The following diagram shows an example with an Arrow Flight module that is fully deployed by the control plane and a second module where the client is deployed by the control plane but the ETL component providing the functionality has been independently deployed and supports multiple workloads.

Example

Components that make up a module

There are several parts to a module:

  1. Optional external component(s): deployed and managed independently of Fybrik.
  2. Module Workload: the workload that runs once the Helm chart is installed by the control plane. Can be a client to the external component(s) or be independent.
  3. Module Helm Chart: the package containing the module workload that the control plane installs as part of a data plane.
  4. FybrikModule YAML: describes the functional capabilities, supported interfaces, and has links to the Module Helm chart.

Registering a module

To make the control plane aware of the module so that it can be included in appropriate workload data flows, the administrator must apply the FybrikModule YAML in the fybrik-system namespace.

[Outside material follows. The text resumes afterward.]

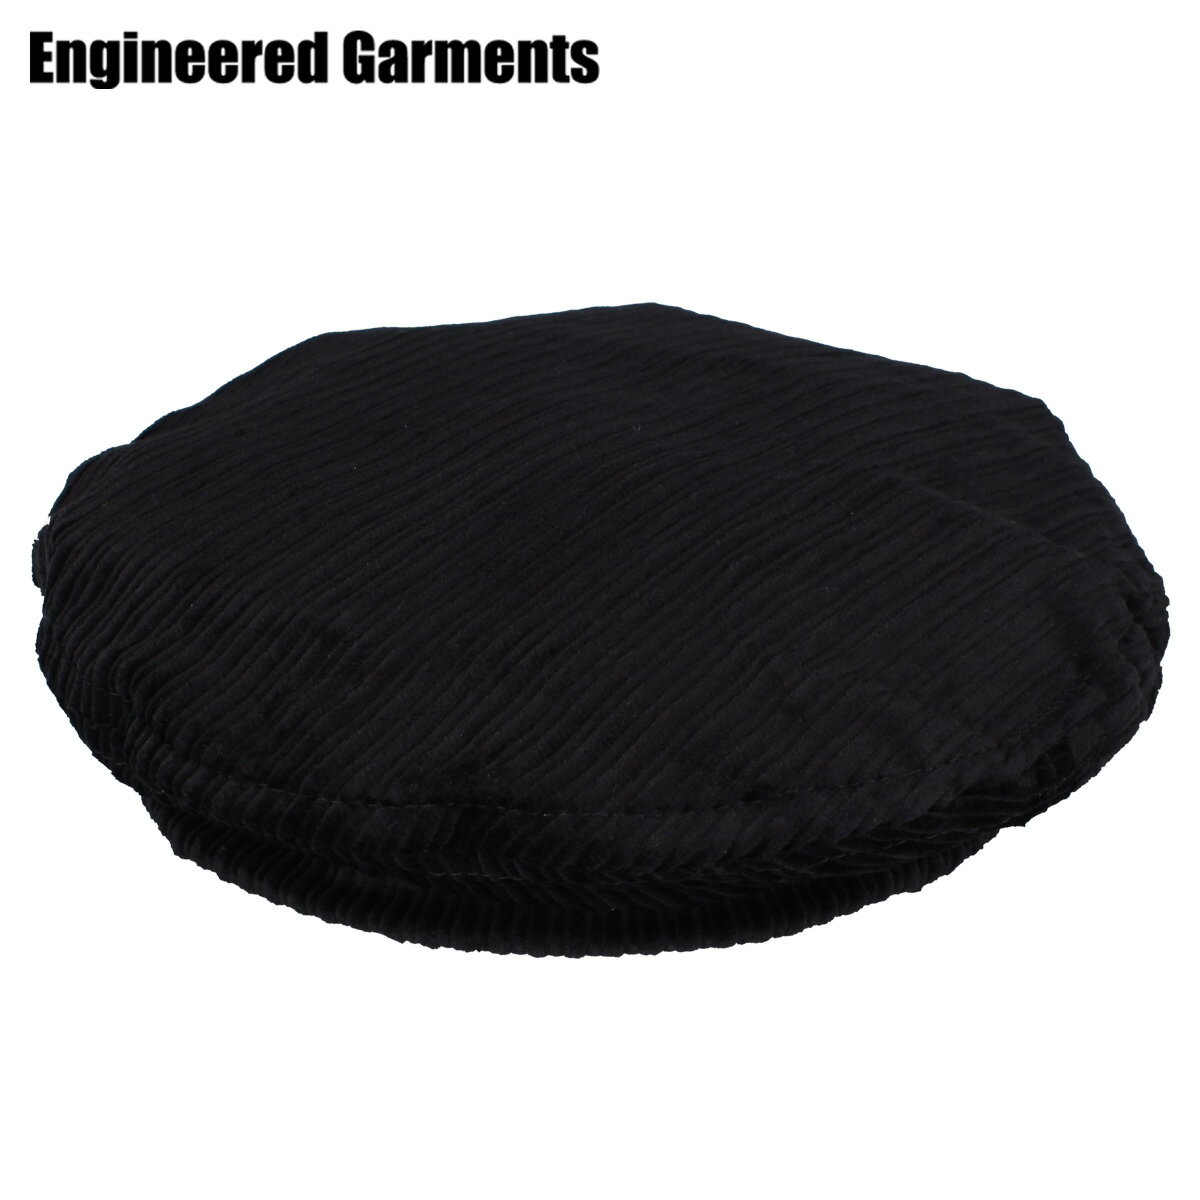 【最大1000円OFFクーポン】 ENGINEERED GARMENTS エンジニアド ガーメンツ ハット 帽子 ベレー帽 メンズ レディース BERET HI-LO CORDUROY ブラック 黒 20F1H005

This makes the control plane aware of the existence of the module. Note that it does not check that the module's helm chart exists.

For example, the following registers the arrow-flight-module:

kubectl apply -f https://raw.githubusercontent.com/fybrik/arrow-flight-module/master/module.yaml -n fybrik-system

When is a module used?

There are four main data flows in which modules may be used:

  • Read - preparing data to be read and/or actually reading the data.
  • Write - writing a new data set or appending data to an existing data set.
  • Copy - for performing an implicit data copy on behalf of the application. The decision to do an implicit copy is made by the control plane, typically for performance or governance reasons.
  • Delete - for deleting objects or data sets.

A module may be used in one or more of these flows, as is indicated in the module's yaml file.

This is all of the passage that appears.